Given: \( \sin \mathrm{P}+\sin \mathrm{Q}=\frac{7}{5} \) and \( \hat{\mathrm{P}}+\hat{\mathrm{Q}}=90^{\circ} \) Without using a calculator, determine the value of \( \sin 2 \mathrm{P} \).

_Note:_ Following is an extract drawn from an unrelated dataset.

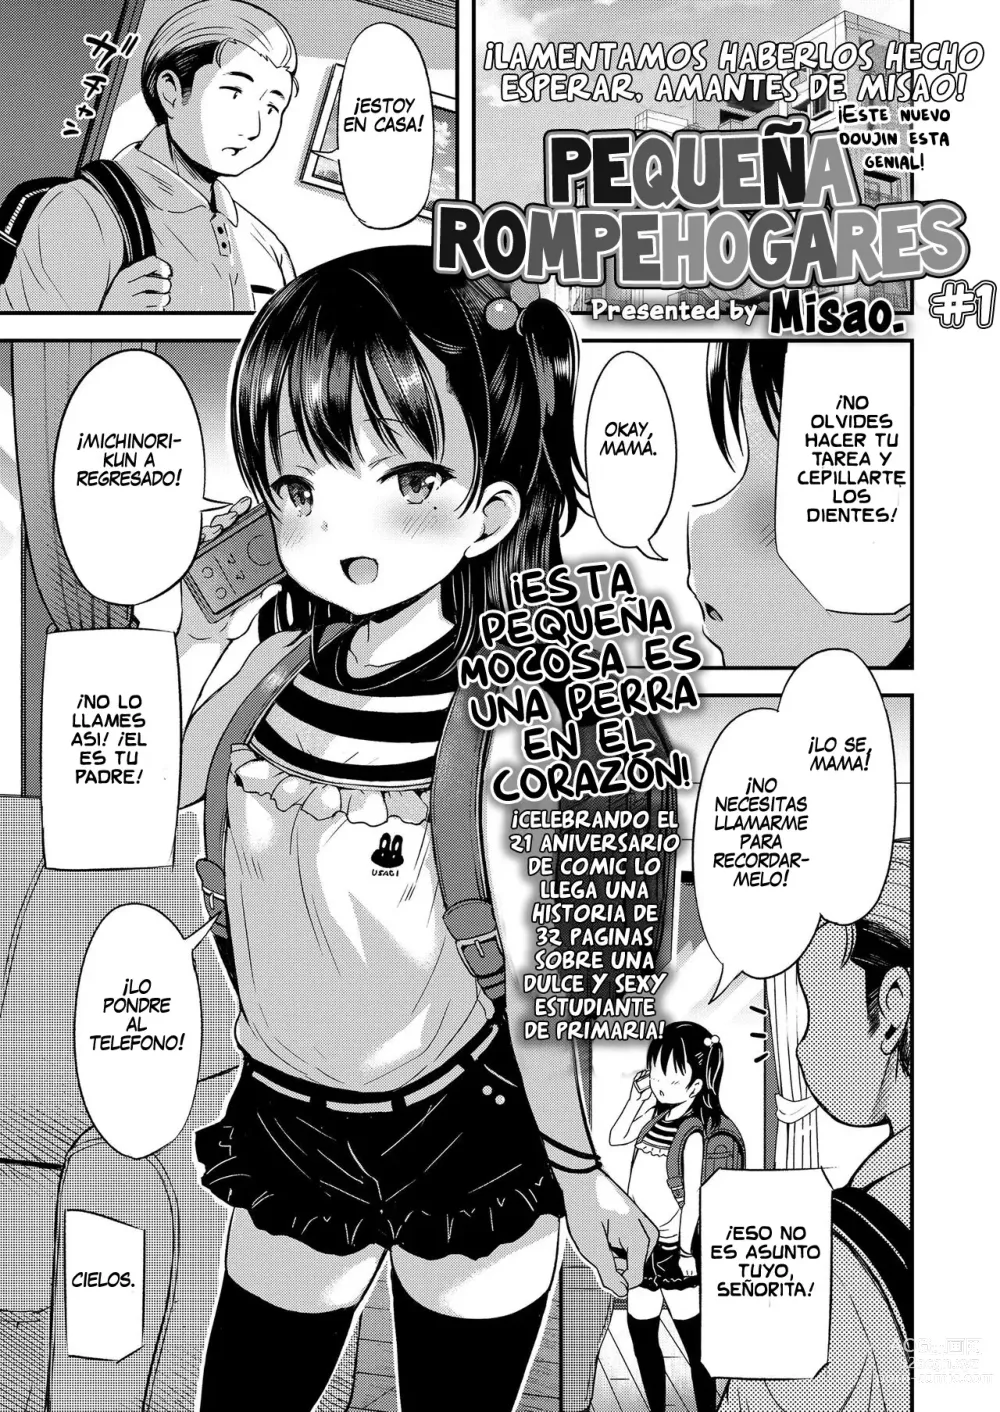 Page 1 of manga Pequeña Rompehogares #1

Given that \( \sin \mathrm{P} + \sin \mathrm{Q} = \frac{7}{5} \) and \( \hat{\mathrm{P}} + \hat{\mathrm{Q}} = 90^{\circ} \), we can use the fact that \( \hat{\mathrm{Q}} = 90^{\circ} - \hat{\mathrm{P}} \). This implies that \( \sin \mathrm{Q} = \cos \mathrm{P} \). Now we can rewrite the first equation: \[ \sin \mathrm{P} + \cos \mathrm{P} = \frac{7}{5} \] We will square both sides to make use of the identity \( \sin^2 \mathrm{P} + \cos^2 \mathrm{P} = 1 \): \[ (\sin \mathrm{P} + \cos \mathrm{P})^2 = \left(\frac{7}{5}\right)^2 \] Expanding the left hand side: \[ \sin^2 \mathrm{P} + 2\sin \mathrm{P} \cos \mathrm{P} + \cos^2 \mathrm{P} = \frac{49}{25} \] Substituting \( \sin^2 \mathrm{P} + \cos^2 \mathrm{P} = 1 \): \[ 1 + 2\sin \mathrm{P} \cos \mathrm{P} = \frac{49}{25} \] Subtracting 1 from both sides gives: \[ 2\sin \mathrm{P} \cos \mathrm{P} = \frac{49}{25} - 1 = \frac{49}{25} - \frac{25}{25} = \frac{24}{25} \] We know that \( \sin 2\mathrm{P} = 2\sin \mathrm{P} \cos \mathrm{P} \). Therefore, \[ \sin 2\mathrm{P} = \frac{24}{25} \] Thus, the value of \( \sin 2 \mathrm{P} \) is \[ \boxed{\frac{24}{25}} \]